What is required
Copy out the listing that follows, exactly, without its pictures.

Given material
•••

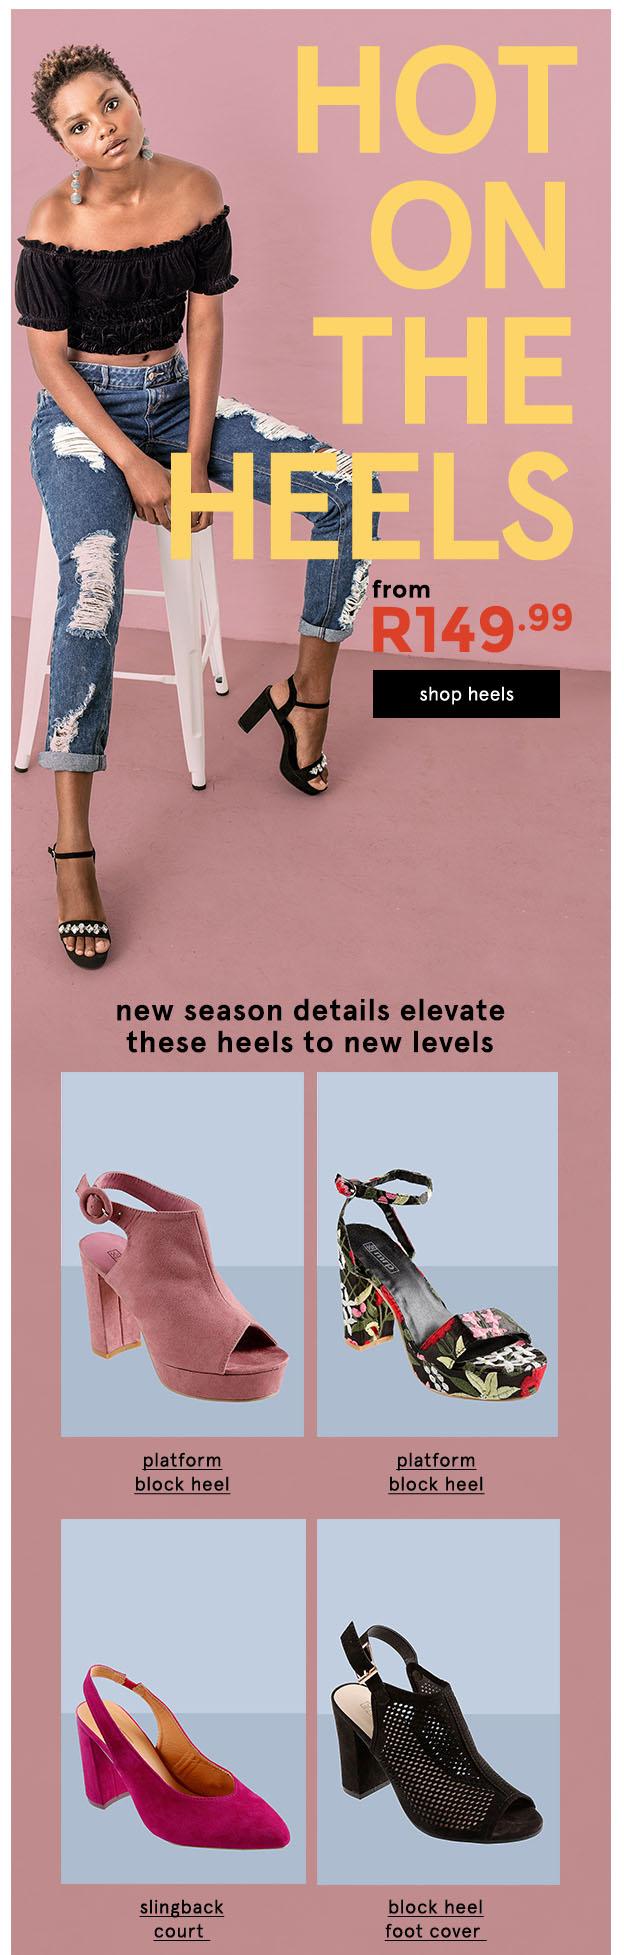 mr price heels for ladies
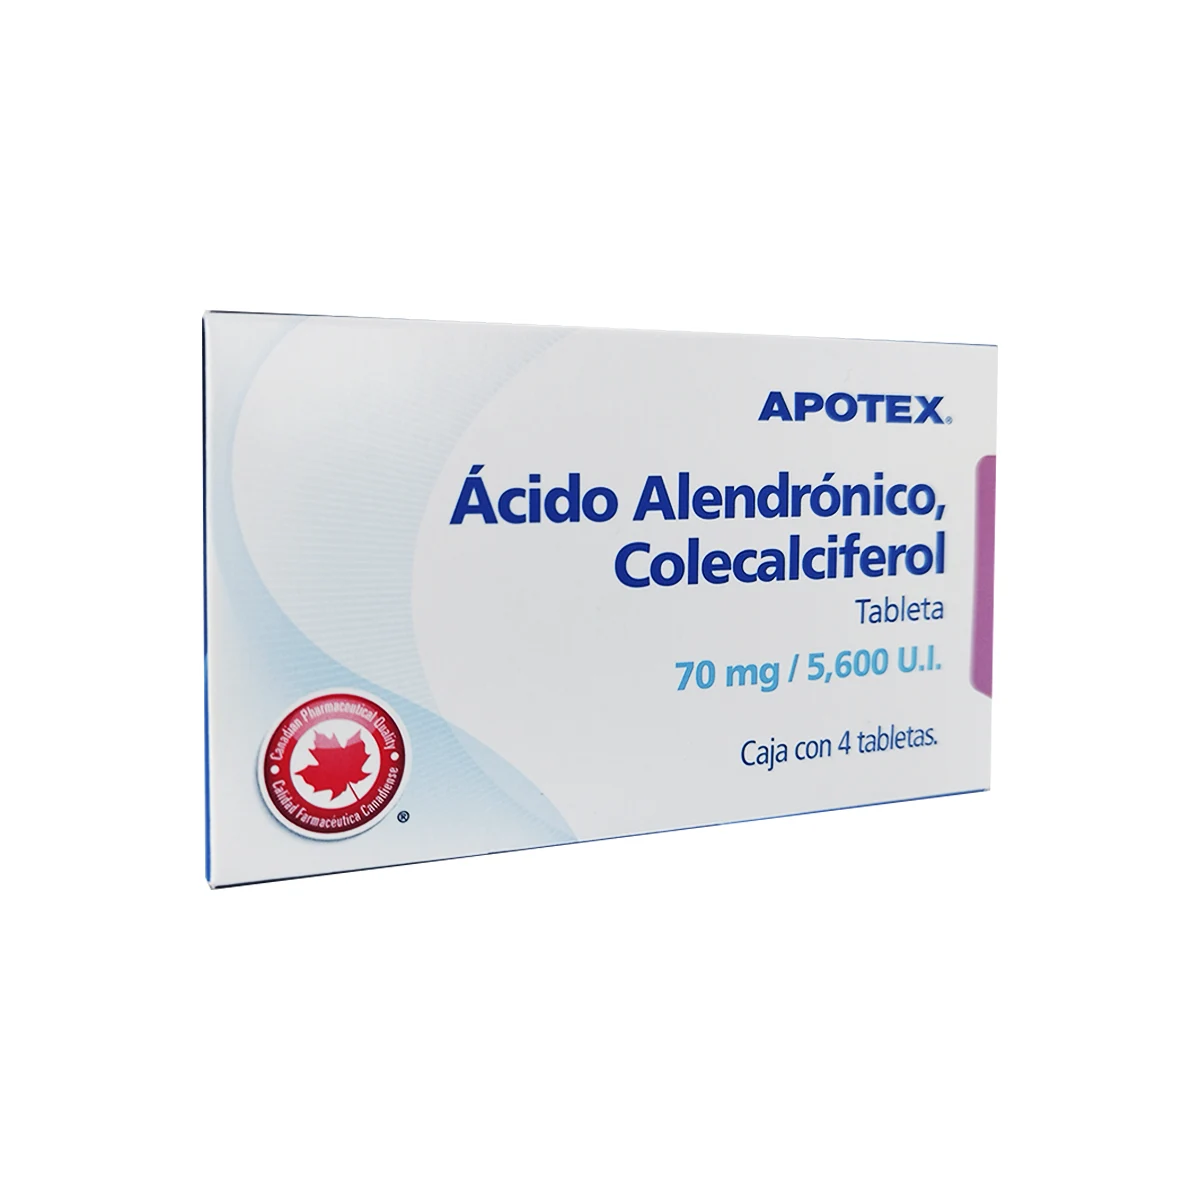 7501277030620 1 acido alendronico colecalciferol acido alendronico - colecalciferol 70 mg/5600 ui tableta 4 tableta(s)
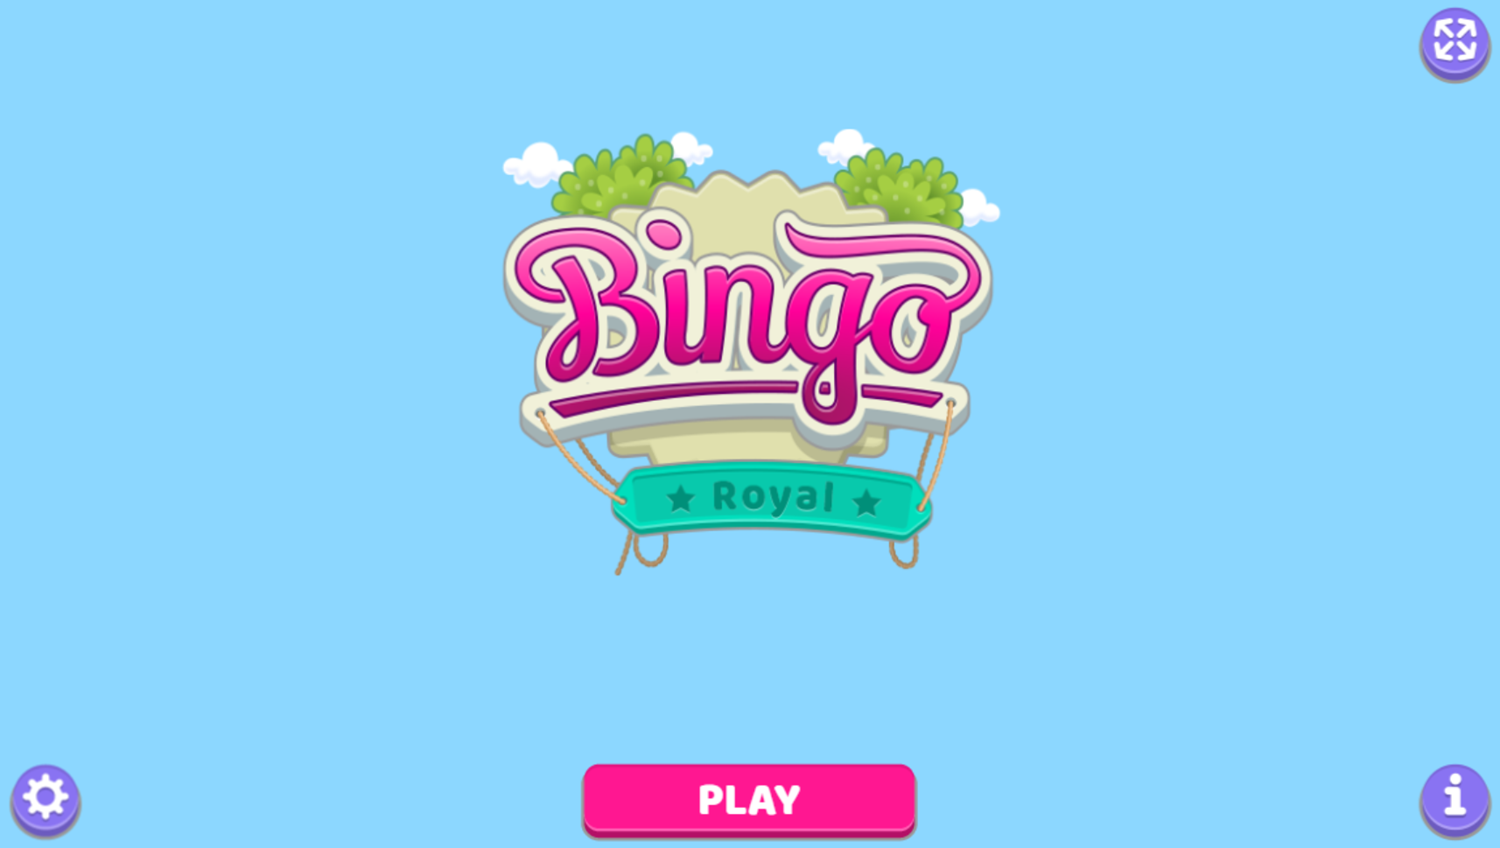 Bingo Royal Game Welcome Screen Screenshot.

•••

Answer section
 mr price heels for ladies
 7501277030620 1 acido alendronico colecalciferol acido alendronico - colecalciferol 70 mg/5600 ui tableta 4 tableta(s)
 Bingo Royal Game Welcome Screen Screenshot.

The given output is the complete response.